Ведь это единственное разумное объяснение. "Спасибо" улыбнуло  :Smiley:

----------


## borka

> При запуске сканера в темп дропается драйвер, загружается и удаляется. Думаю, тоже самое и в кюрите.


КуреИт реализован на базе GUI-сканера. Поэтому в данном контексте это одно и то же.




> этот файл загружается на раннем этапе загрузки системы (подобно BC от AVZ), удаляет файл и себя .


Скажем так, драйвер выполняет предписанные действия. 

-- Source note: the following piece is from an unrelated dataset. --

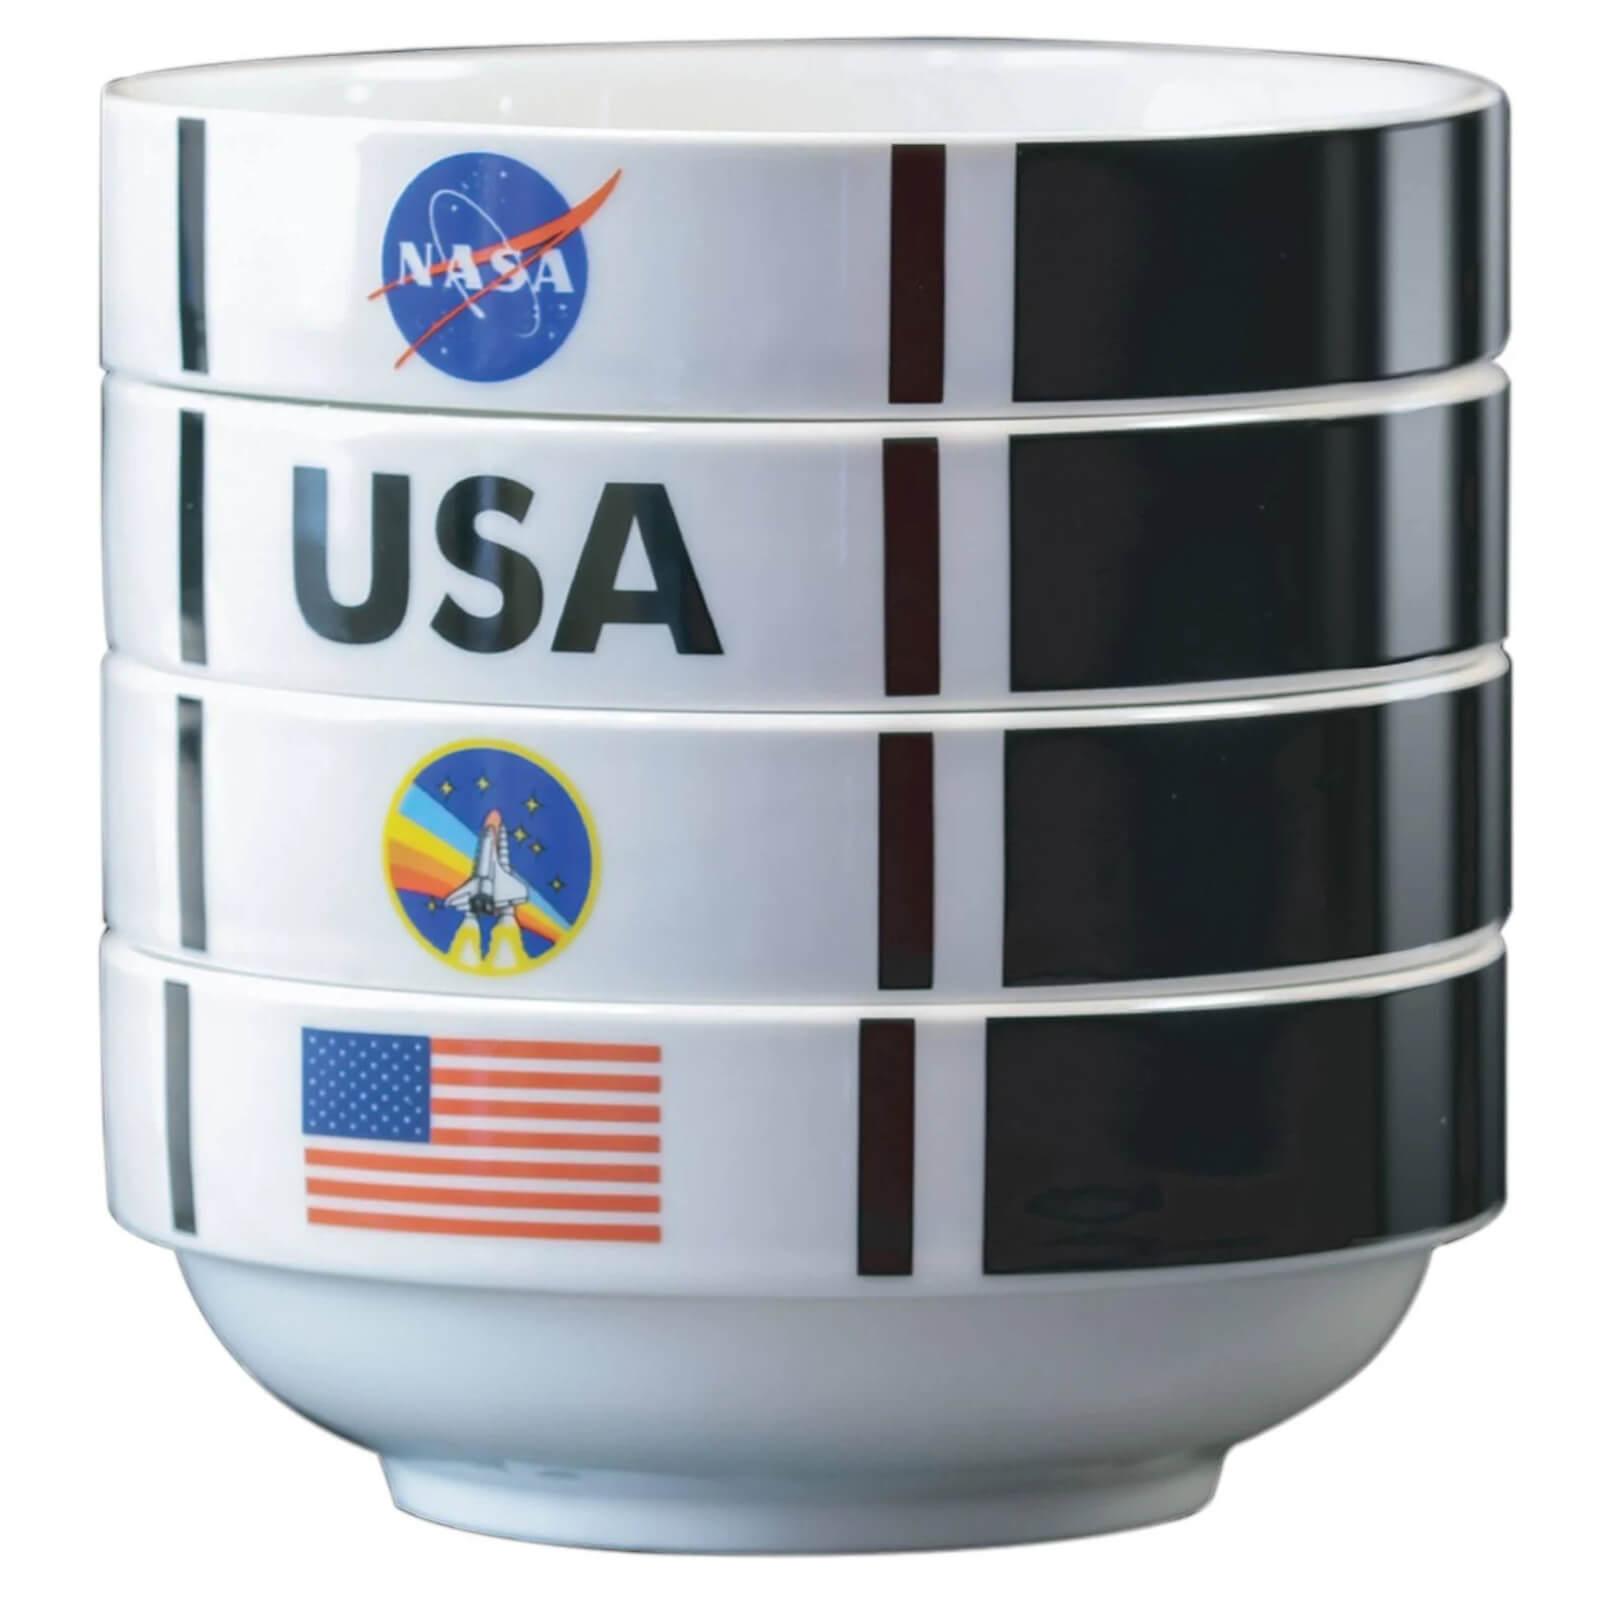 The Coop NASA Shuttle Stackable Bowl Set

> bopka, пpиcyтcтвyющий в cиcтeмe klif мoжeт быть любoй cтapoй вepcии. oбecпeчить coвмecтимocть c любым клифoм пoчти нepeaльнo.


Ясно. 




> "Спасибо" улыбнуло


Может, это было "Спасибо за идею"?

----------


## vaber

> Скажем так, драйвер выполняет предписанные действия.


Именно поэтому я и привел аналогию с бутклиннером AVZ - он тоже выполняет предписанные действия  :Wink: .

----------


## santy

> ...AVPTool предназначена "для домохозяек" (избитый термин, как нельзя точнее характеризующий утилиту), ее задача - обеспечить максимально понятный неподготовленному пользователю интерфейс для выполнения главной задачи - лечения зараженной машины. Само лечение будет произведено автоматически (антивирусным движком) либо "вручную" (консультацией хелперов).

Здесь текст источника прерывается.